The embodiment of the present invention also provides a medical instrument installation recognition method applied to the medical instrument installation recognition device 10 of any of claims 1 to 11, the medical instrument installation recognition method comprising: in a state where the medical instrument 01 is connected to the mounting end 02, the magnetic pole direction of the permanent magnet 151 is read by the sensor chip 141; and judging whether the sensing chip 141 reads the magnetic pole direction of the permanent magnet 151, if so, the medical instrument 01 is mounted in place as a result of the recognition, and if not, the medical instrument 01 is not mounted in place as a result of the recognition.

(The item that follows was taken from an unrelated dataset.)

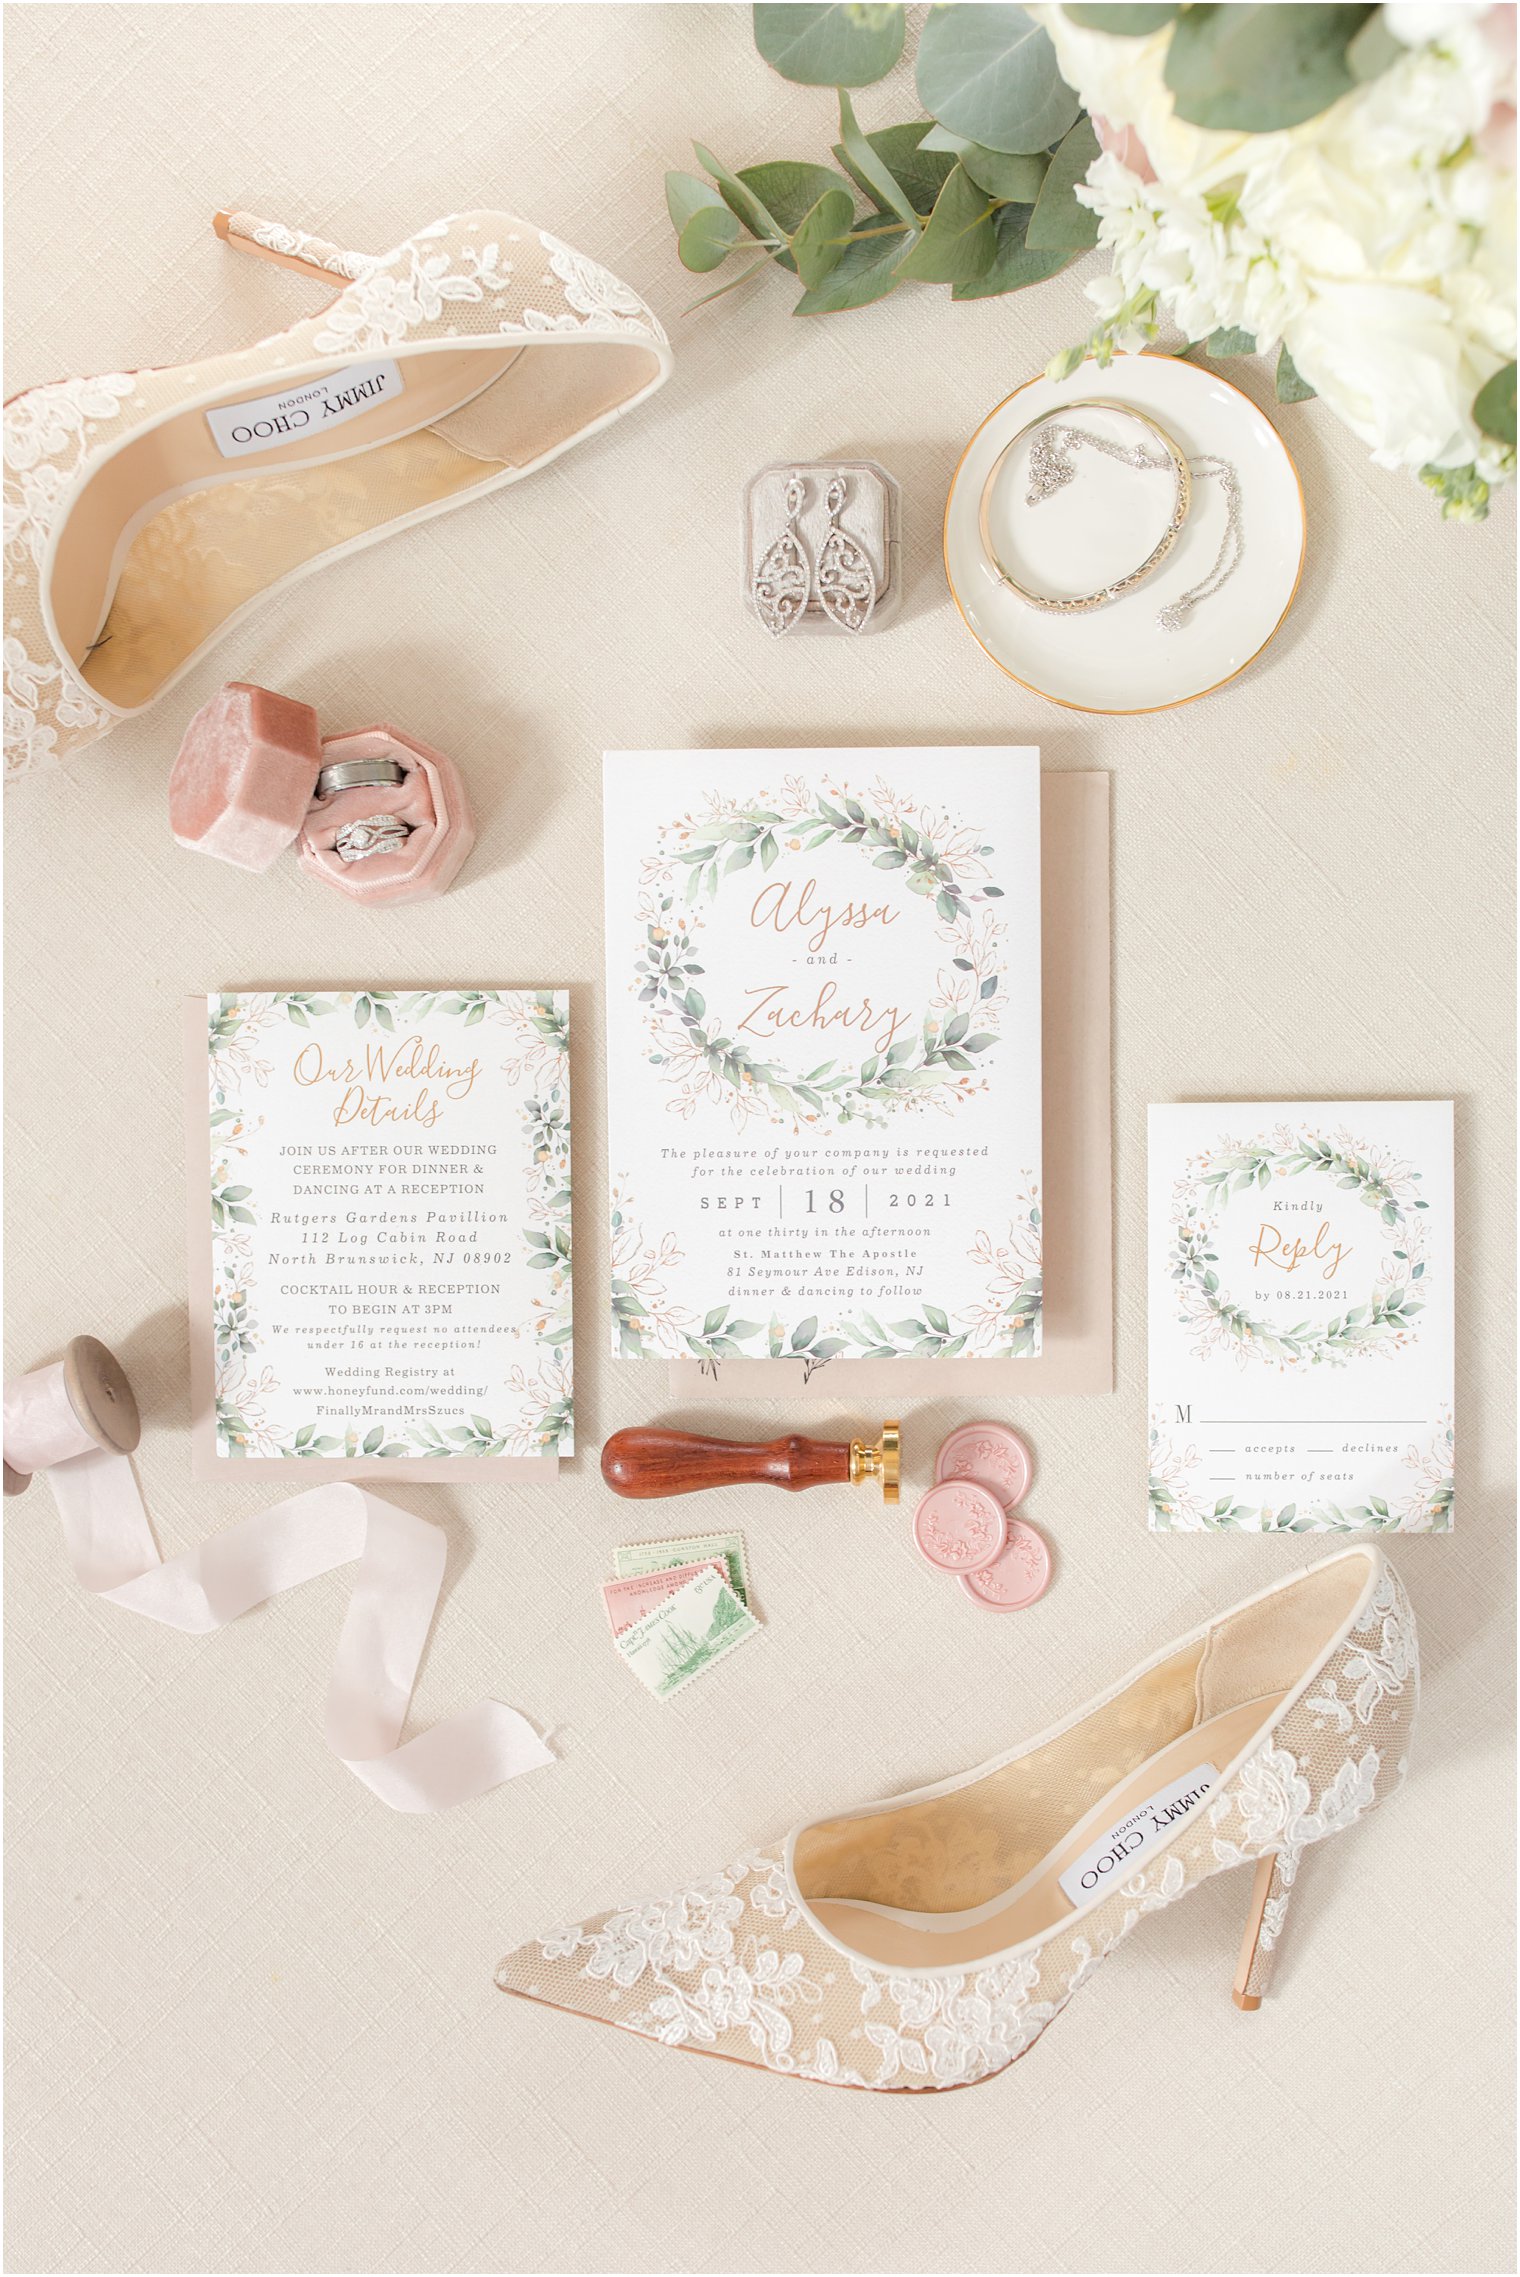 classic invitation suite with Jimmy Choo shoes for the bride 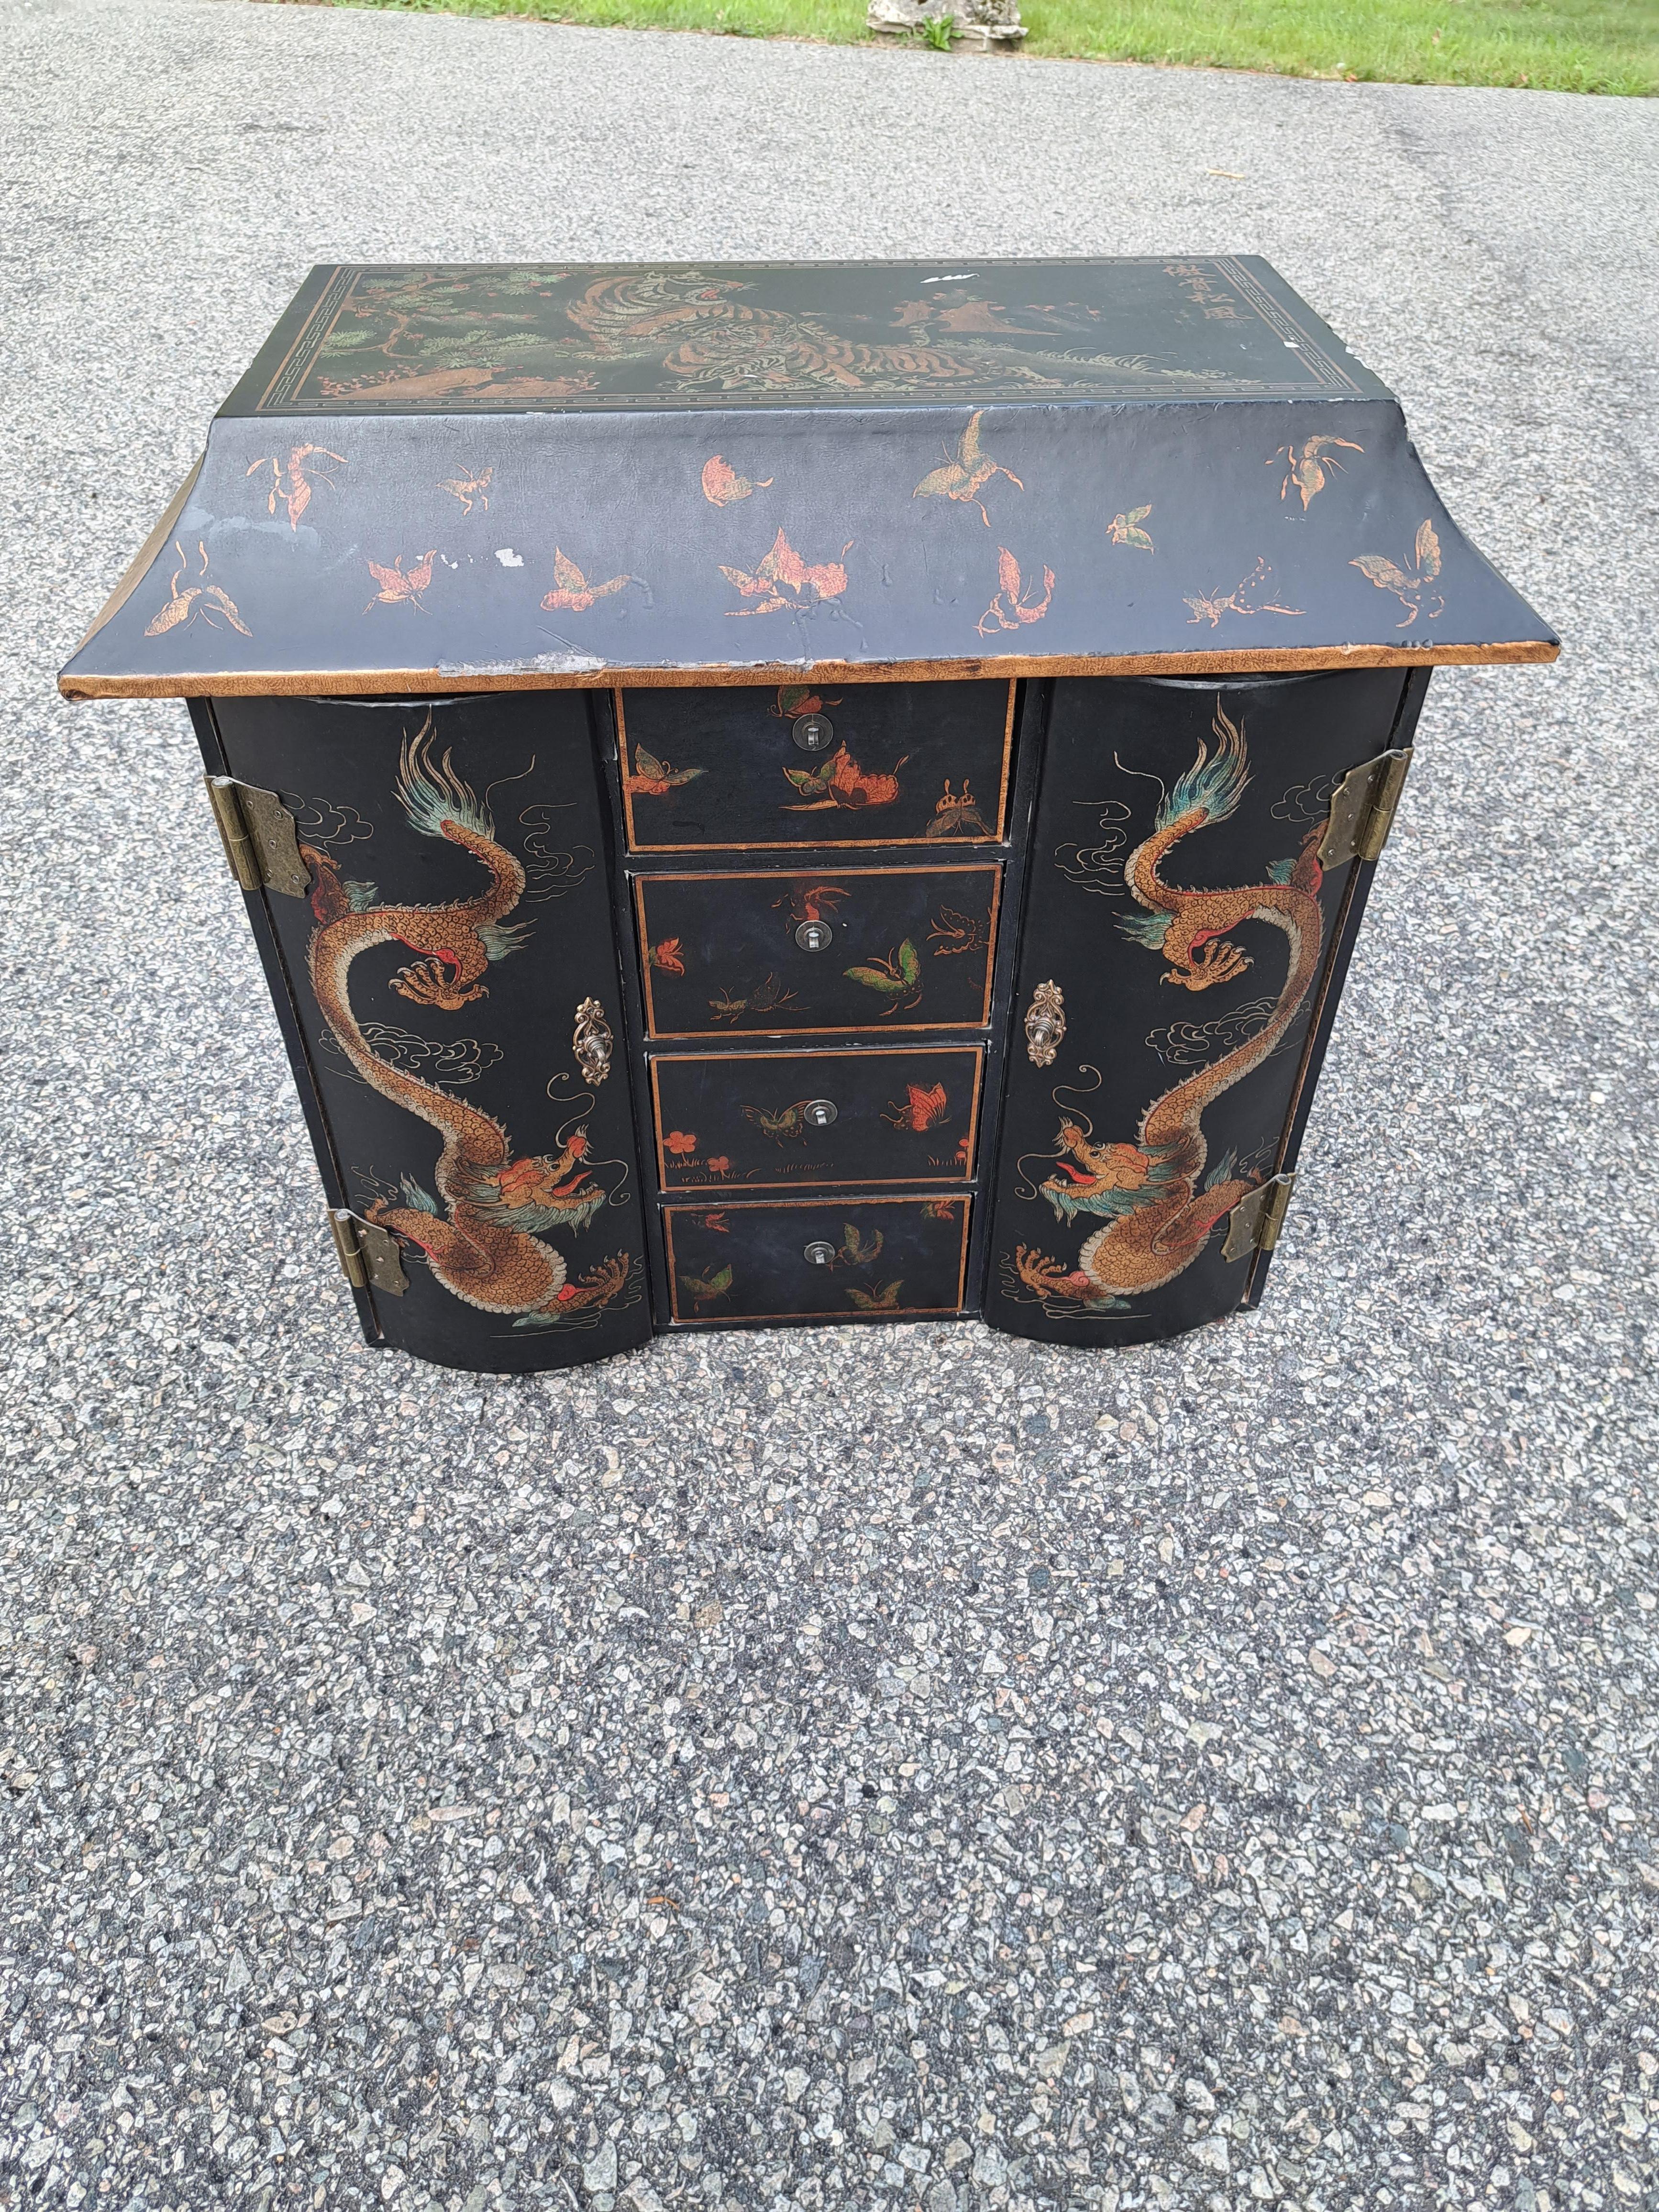 Chinese Antique Asian Chinoiserie  Pagoda Shaped Tea / Apothecary Cabinet  For Sale

The medical instrument installation identification method further comprises the following steps: detecting an installation included angle between a magnetic pole direction of the permanent magnet 151 and an axis 160 of the medical instrument, wherein the magnetic pole direction of the permanent magnet 151 is an extending direction of a north-south polar axis 156 of the permanent magnet 151; and judging the type of the medical instrument 01 according to the installation included angle.
The specific procedure of the medical instrument installation recognition method, including the installation alignment detection method, the detection of the installation angle, and the like, refer to the description of the operation procedure of the medical instrument installation recognition apparatus 10 in the previous embodiment, and will not be repeated here.
The embodiment of the invention also provides a surgical robot device, which comprises: a surgical operation arm, and any of the medical instrument attachment identification devices 10 provided in the embodiments of the present invention. The medical instrument attachment identifying device 10 is attached to and detachably connected to the distal end of the surgical operation arm.
Fig. 8 is a schematic view of another surgical robot apparatus according to an embodiment of the present invention, in which only one mechanical arm 1001 is installed.
Fig. 10 is a schematic view of another surgical robotic device provided in an embodiment of the present invention. Referring to fig. 10, the surgical robot 1000 may further include a plurality of surgical operation arms, and the medical instrument installation recognition apparatus 10 according to the embodiment of the present invention may be connected to one of the plurality of surgical operation arms, for example. Or the surgical robot 1000 includes a plurality of surgical execution components provided in the embodiments of the present invention, and the plurality of surgical operation arms are connected with the surgical execution components in a one-to-one correspondence. Taking the example that the surgical robot 1000 includes four surgical operation arms 1001/1002/1003/1004, different types of surgical instruments can be mounted on the four surgical operation arms 1001/1002/1003/1004, for example, surgical knives (such as electric knives or ultrasonic knives), endoscopes, hemostats and the like can be included, so as to meet the surgical requirements.
It should be noted that, without conflict, features of the various embodiments of the present invention may be combined to create new embodiments.
The foregoing is merely exemplary embodiments of the present invention and is not intended to limit the scope of the invention, which is defined by the appended claims.